Alright, I can understand that to a degree. But the fact is physical actions are quite a bit different then mental ones. If you say you are a peerless warrior who can kill a hoard of enemies, I can see in your stats why and how that works, and you can go do that, in game, physically. However if you say you are are a very charming person, but then can't say anything but "Ummmmm..." whenever you are talking to someone. Or say you are super smart but only say and do stupid things, that creatives dissidence.
Now admittedly you can just cut anything like that out and replace it with a very shallow and poorly made system, like D&D does, but then you change the game from a Roleplaying game into a dungeon crawler, which I am actually fine with, and I would have fun with it, but there are actually games that do that better then D&D 3.5. And if you are complaining about my opinion based on the idea you want to play as a charmer it seems like you wouldn't like that. Or if you would, then it seems like you don't actually want to play as a charming person, but rather someone with magical mind control powers, which are actually done better in this very game then the diplomacy system does it.

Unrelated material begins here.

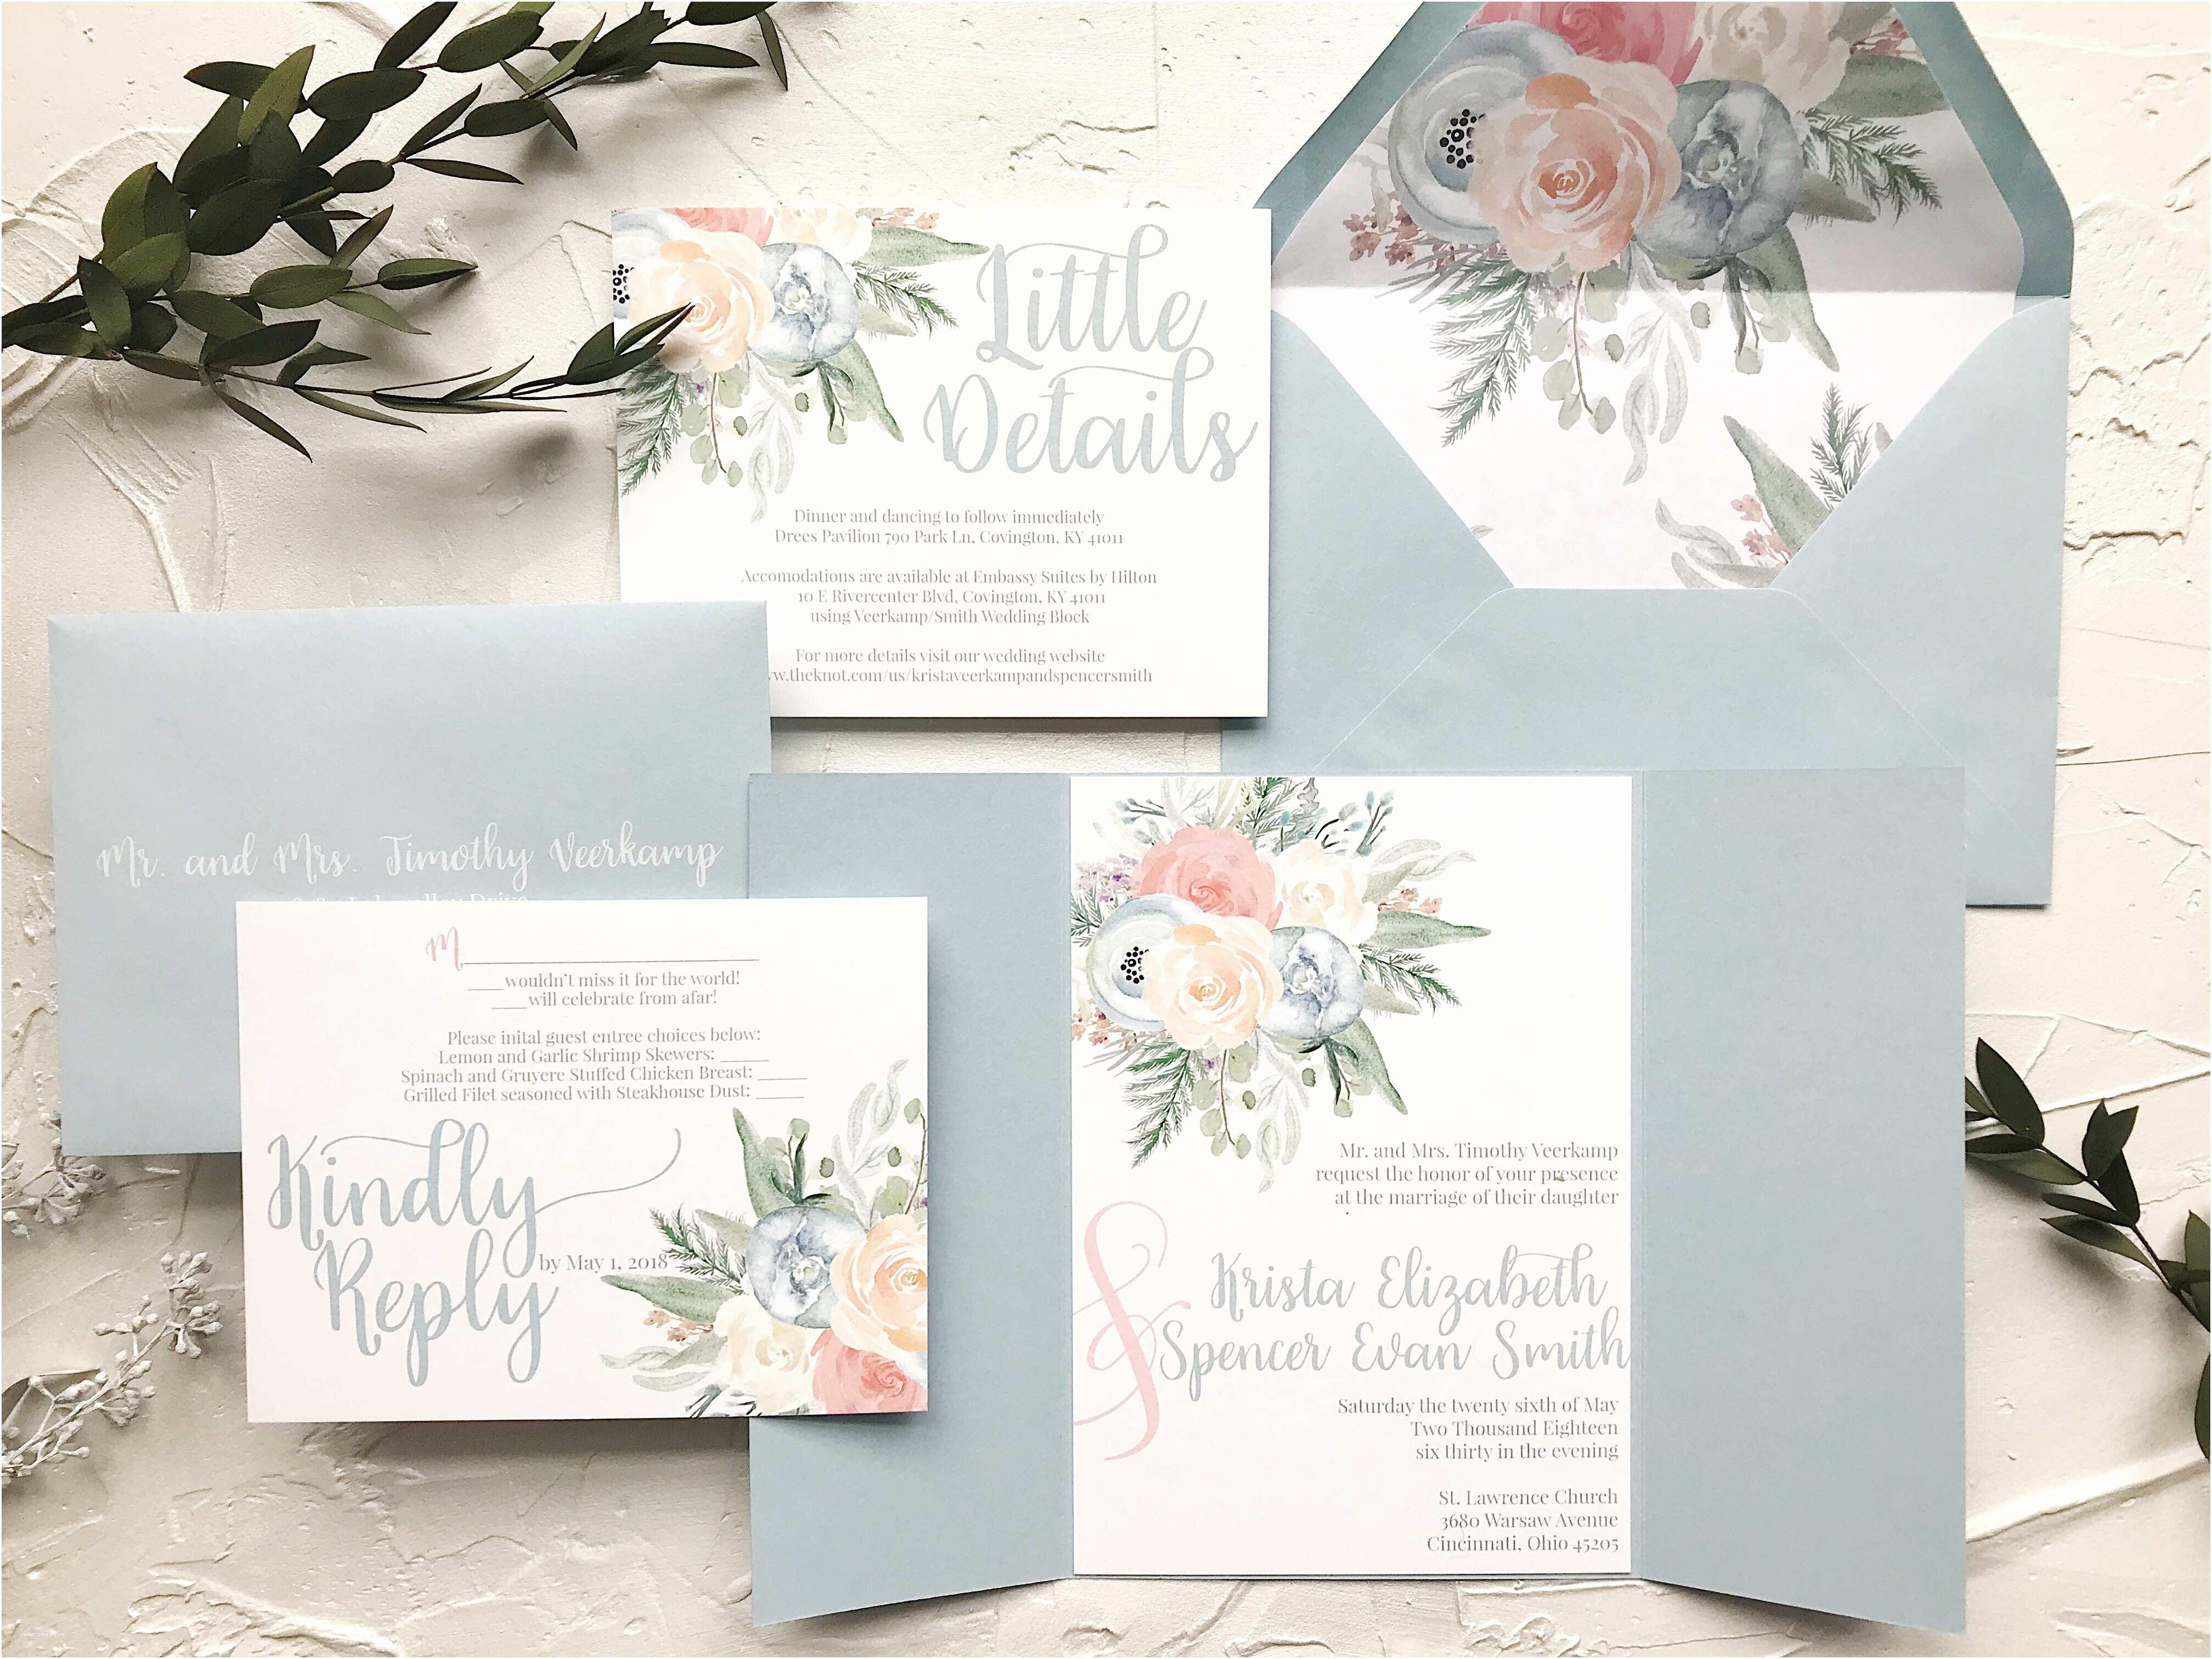 Best Wedding Invitation Sites Invitation Reveal Dusty Blue and Peach Florals Unicaforma

This is made worse by the fact that the game basically isn't really made for diplomacy. In combat, as your example, you have many many complex factors that the game is almost fully based around handling your interactions. In diplomacy you have a single die roll with a few very simple bonuses. The fact is diplomacy is more complex then combat is, but has a much less robust system, if it had a similar or better system, Or even fleshed out in any way at all, then maybe that would be better (although to be honest I find it hard to imagine a actually good diplomacy system.)
Ultimately, if you like the diplomacy system, good, more power to you, you can be the party face, you're not even wrong for liking it, I just disagree with you. You don't have to be so passive aggressive about it though.